Design  We implanted sphere-templated porous poly-(HEMA) and HDPPE disks into the dorsal subcutis of C57BL/6 mice for 4 and 9 weeks. Excisional biopsy specimens of the implants and surrounding tissue were assessed for host inflammatory response, tissue ingrowth, and neovascularization using trichrome, picrosirius red, and anti–endothelial cell antibody staining.

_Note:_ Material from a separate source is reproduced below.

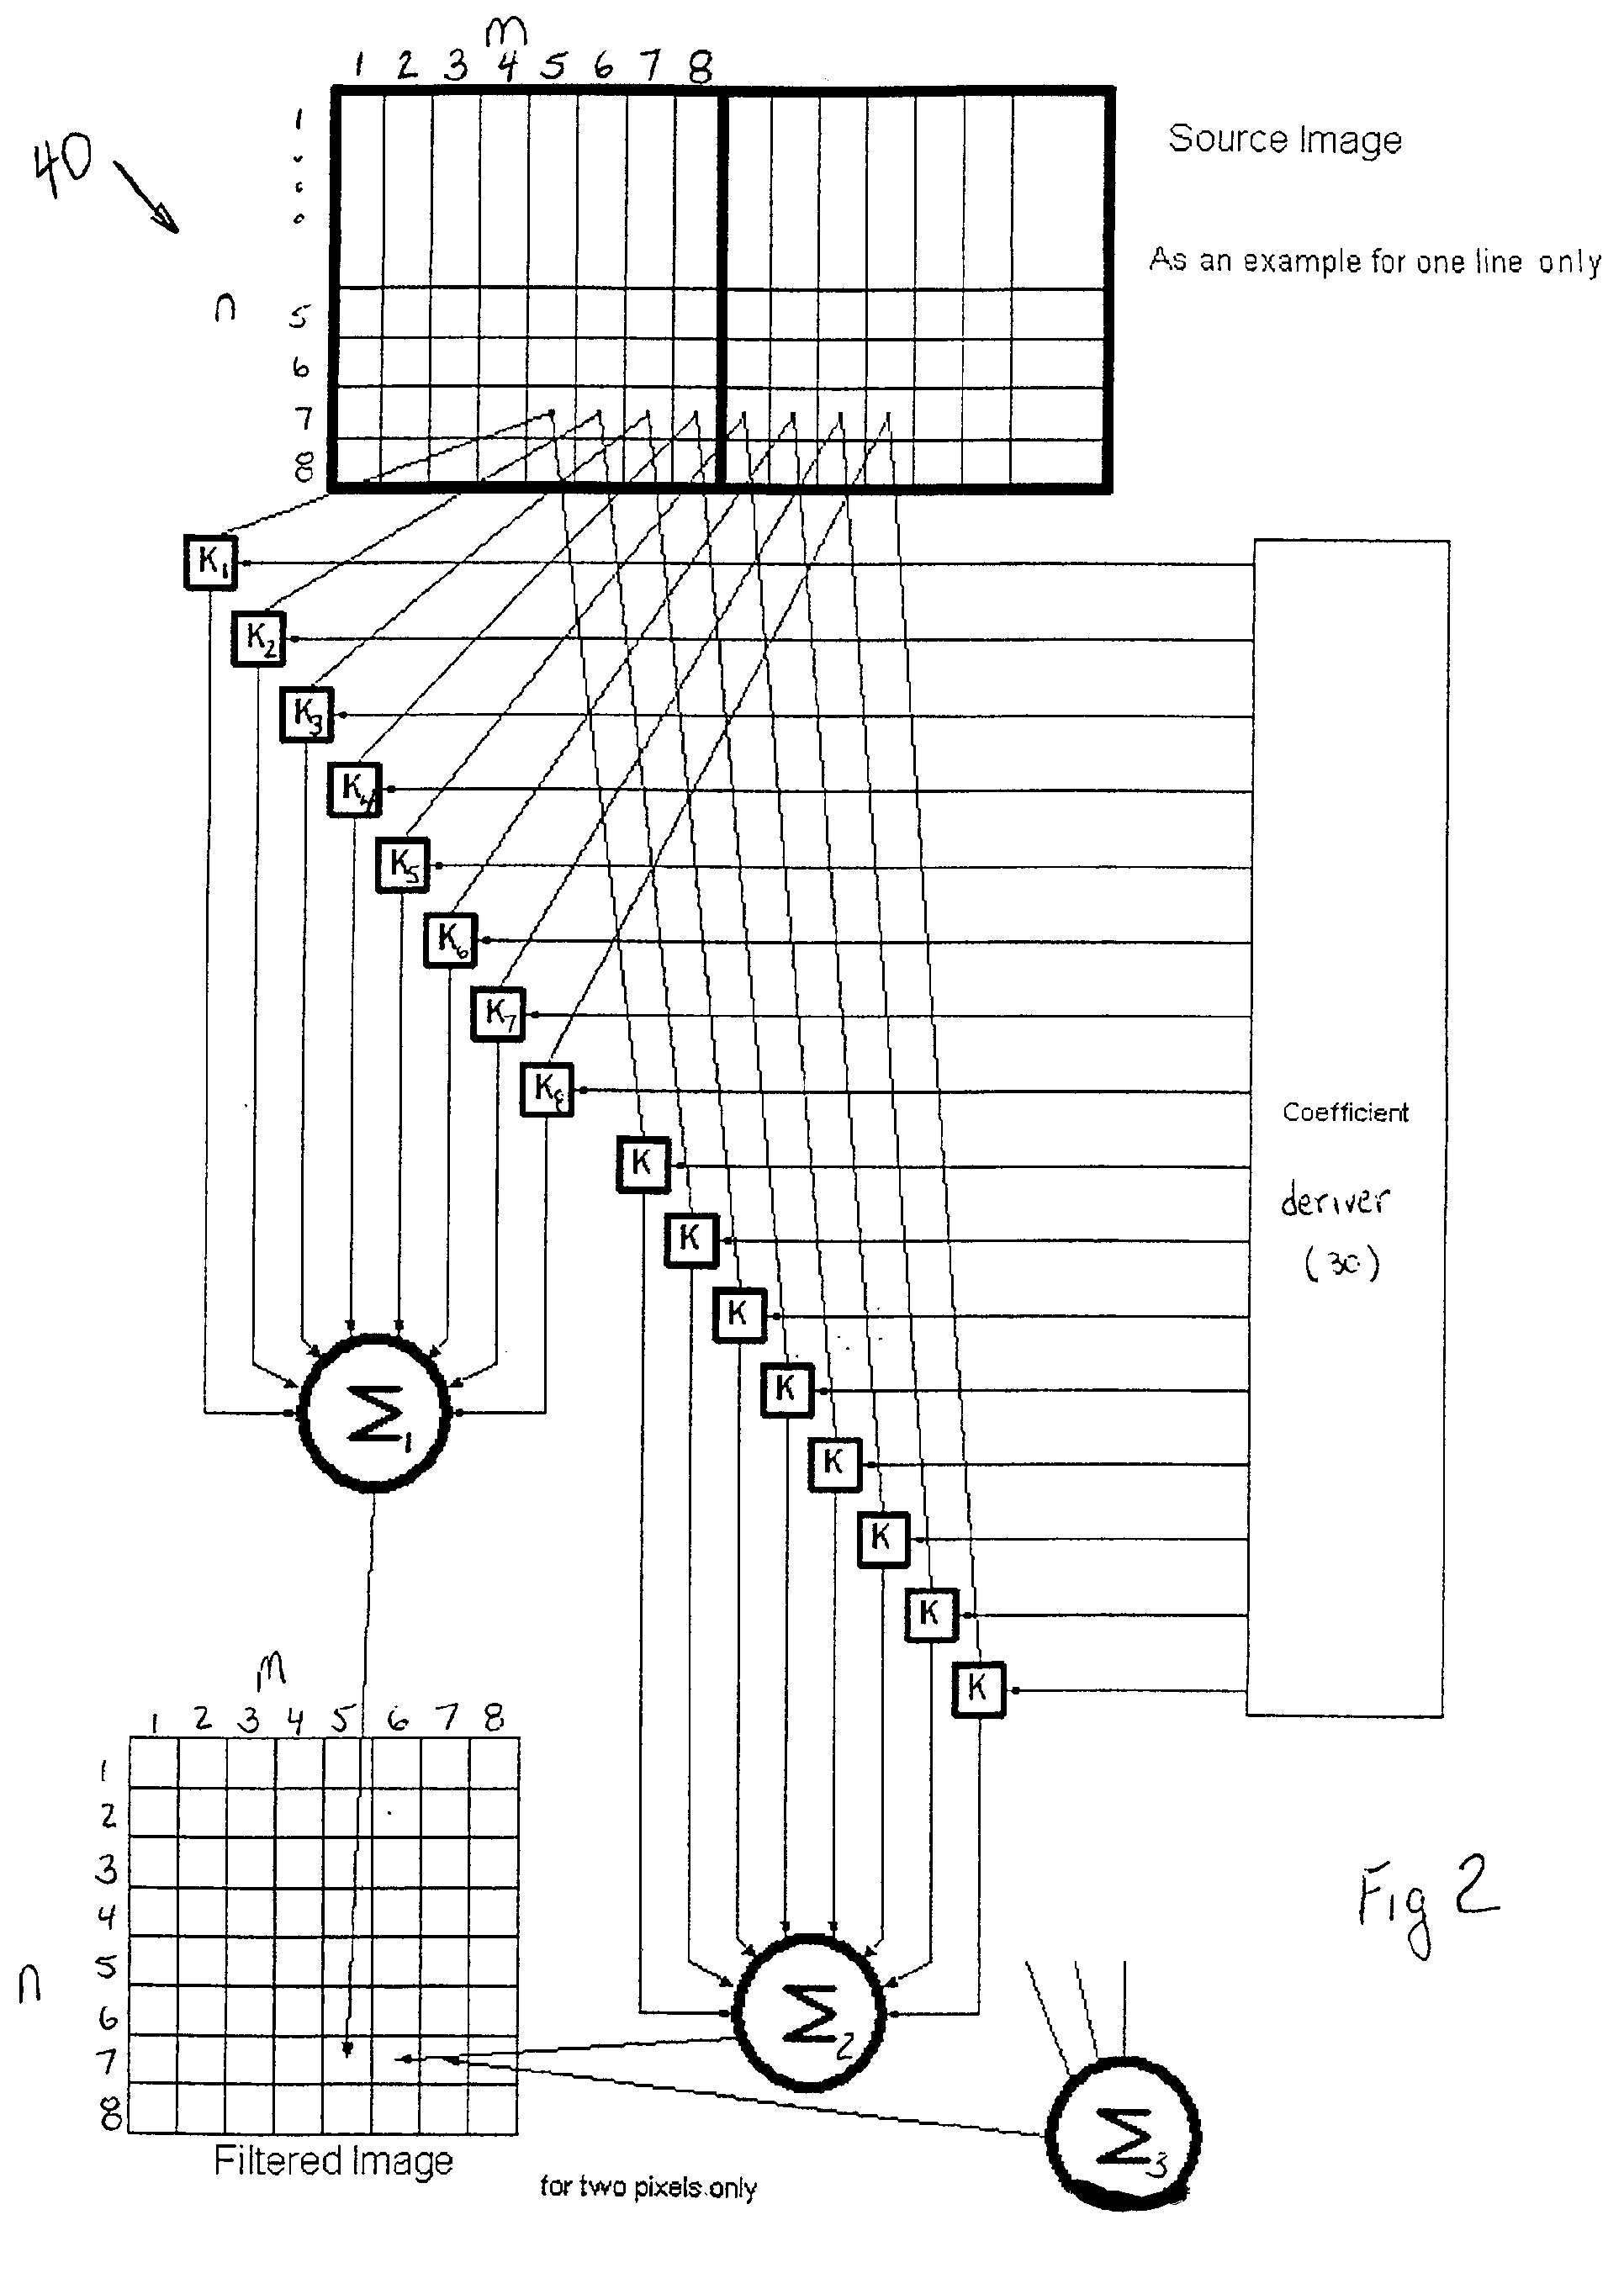 Method and apparatus for reducing the "blocky picture" effect in MPEG decoded images

Results  The poly(HEMA) and HDPPE implants showed resistance to extrusion and elicited a minimal inflammatory response. Both implants supported cellular and collagen ingrowth, but ingrowth within the HDPPE implant was thicker owing to the larger porous structure (>100 μm) of HDPPE, whereas the poly(HEMA) implant had much thinner collagen fibrils within much smaller (40-μm) pores, suggestive of less scar-type reaction. Neovascularization was supported by both implants. Blood vessels were identified within the fibrous ingrowth of the HDPPE and within individual pores of the poly(HEMA).

Conclusions  Sphere-templated poly(HEMA) implanted as a subcutaneous tissue scaffold stimulates a minimal inflammatory response and supports cellular infiltration, collagen formation, and neovascularization. Because of its tightly controlled porous structure, poly-(HEMA) appears to induce less scar-type ingrowth compared with HDPPE.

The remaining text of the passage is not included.